**Problem statement:** Each line of the material should be set down exactly. Pictures are not part of the copy.

Dataset extract: Begin

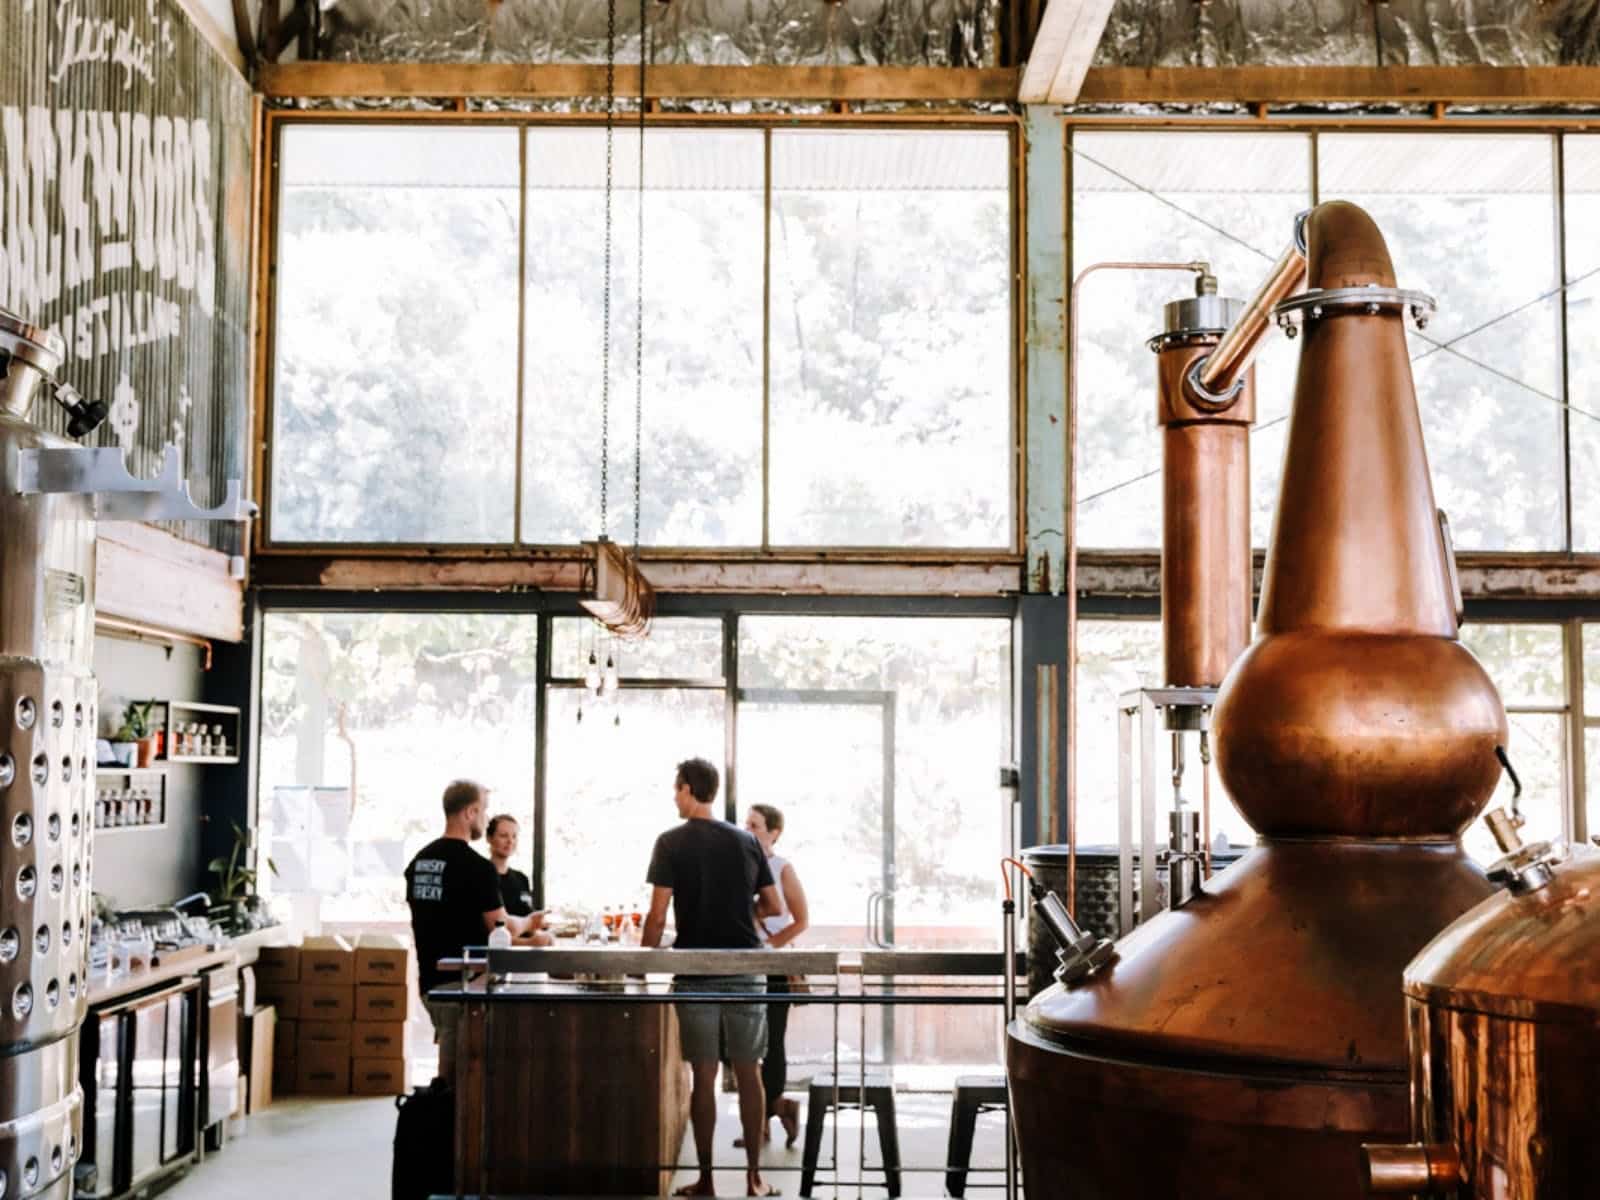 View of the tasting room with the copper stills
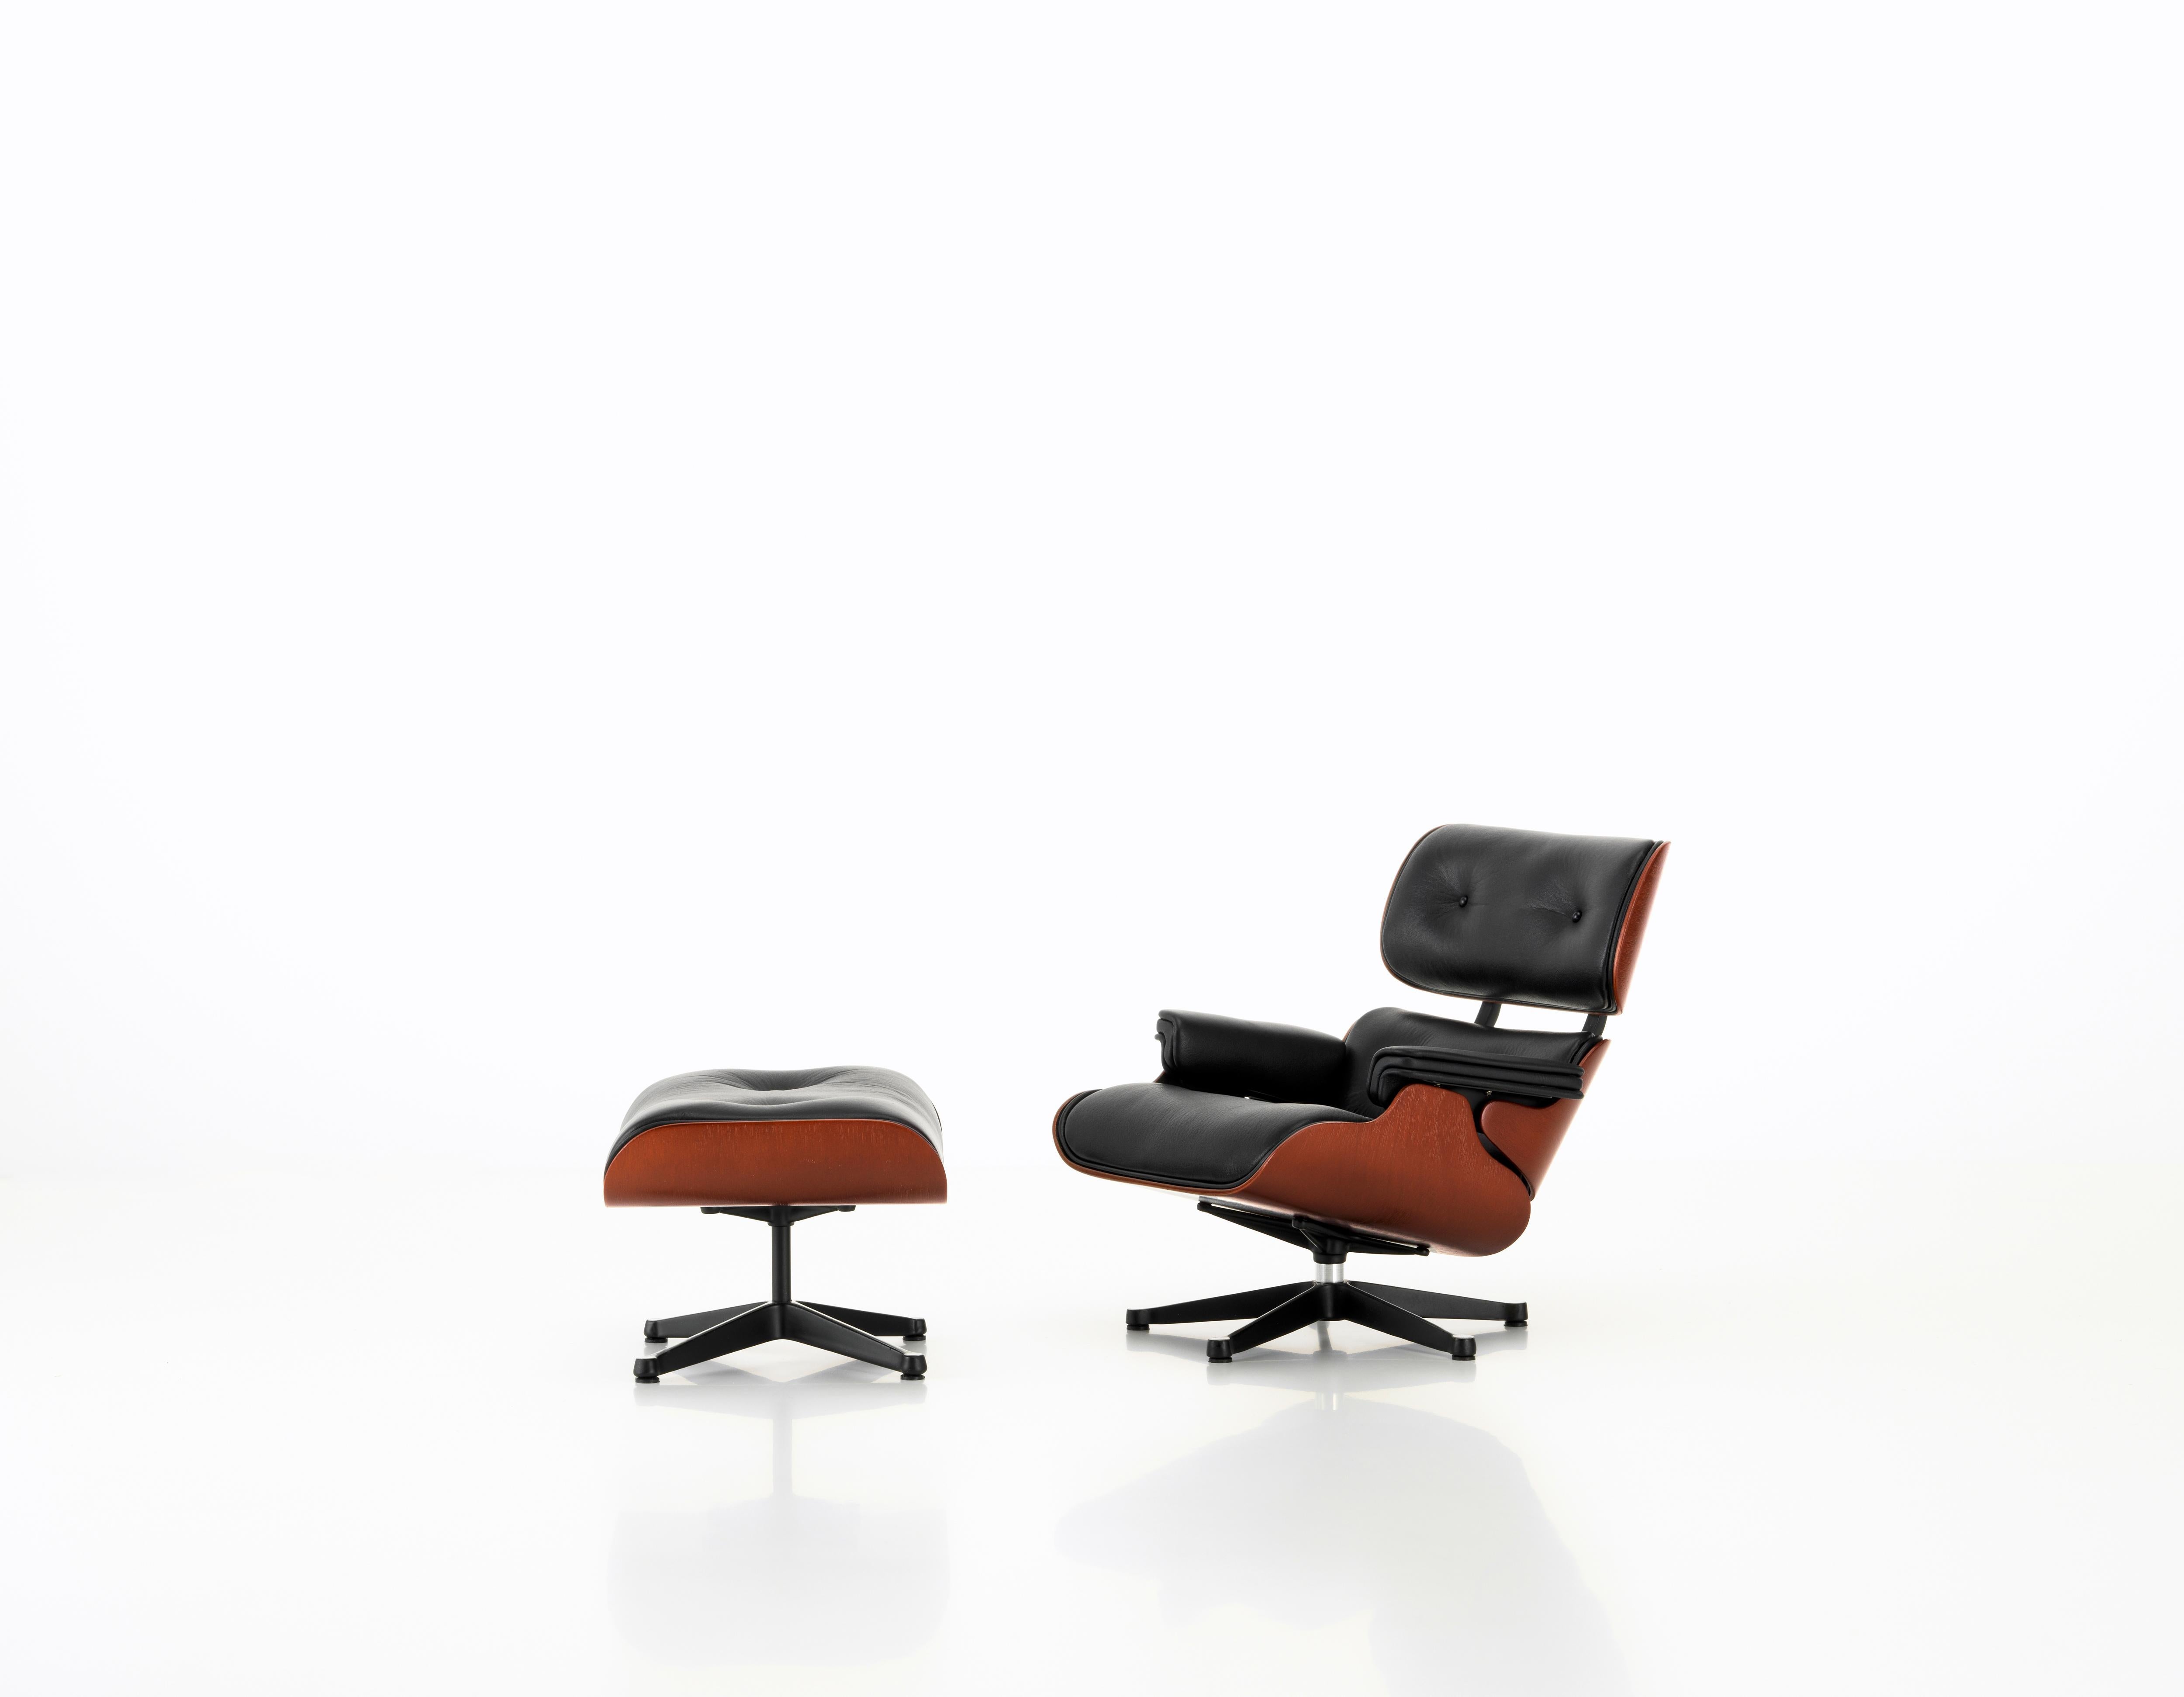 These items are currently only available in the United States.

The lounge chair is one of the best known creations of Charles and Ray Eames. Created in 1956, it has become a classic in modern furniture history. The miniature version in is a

Dataset extract: End

**Task response:**
 View of the tasting room with the copper stills
 These items are currently only available in the United States.

The lounge chair is one of the best known creations of Charles and Ray Eames. Created in 1956, it has become a classic in modern furniture history. The miniature version in is a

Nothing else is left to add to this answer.